I don’t know how they live like that and I don’t want to know. I just want them to fix it.
And in the meantime, I am tired of my internet angryman lists, for example, so I’m going to try and not make this blog into an angry letter to the editor of the world.
I’m also going to keep teaching my mom relaxation techniques. I’ll never get her to not be angry about what’s wrong in the world. But I want her to survive it.
So, here’s to the women in our lives. Long may they thrive.
I feel the love, Mr. Chee. Most of us could benefit from an anger-to-love converter.
Would that be make-up sex? a super surge protector strip that blocks rage and emits warm cookie smell? R-E-S-P-E-C-T?
Somehow it always involves effort.
Many blessings to you.
I read this post the other day and it made me happy all day long and so I wanted you to know that.

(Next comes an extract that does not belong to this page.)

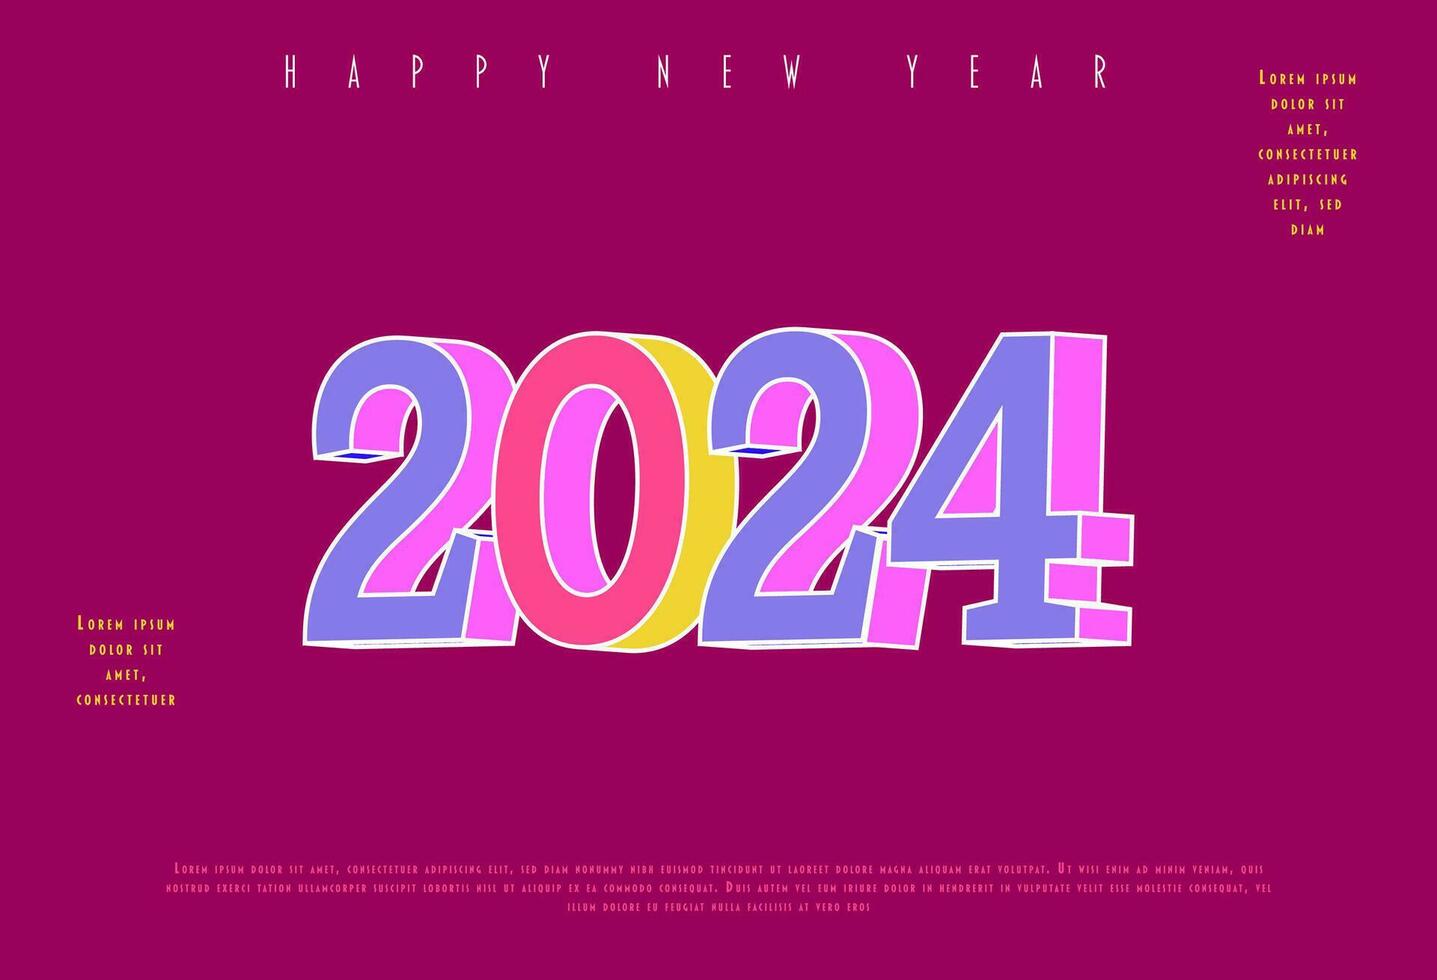 2024 gelukkig nieuw jaar. sjabloon met kleurrijk brief logo voor kalender, poster, folder, spandoek. vector

I agree with you, which is not unusual. Most of the people who raised me were women. Since I believe that nurture is at least as powerful as nature, I see those women in me. My mother, grandmother, sister, teachers, bosses. I couldn’t function without what they’ve taught me. Their wisdom is integral to my being. My father and a few other men are in the mix, too. I’m man, but I’m also woman. This is how I’ve always lived; I don’t know any other way. I’m grateful to them for making me whole.
Having been hit by non-hodgkins, this was good to see. Thank you for this.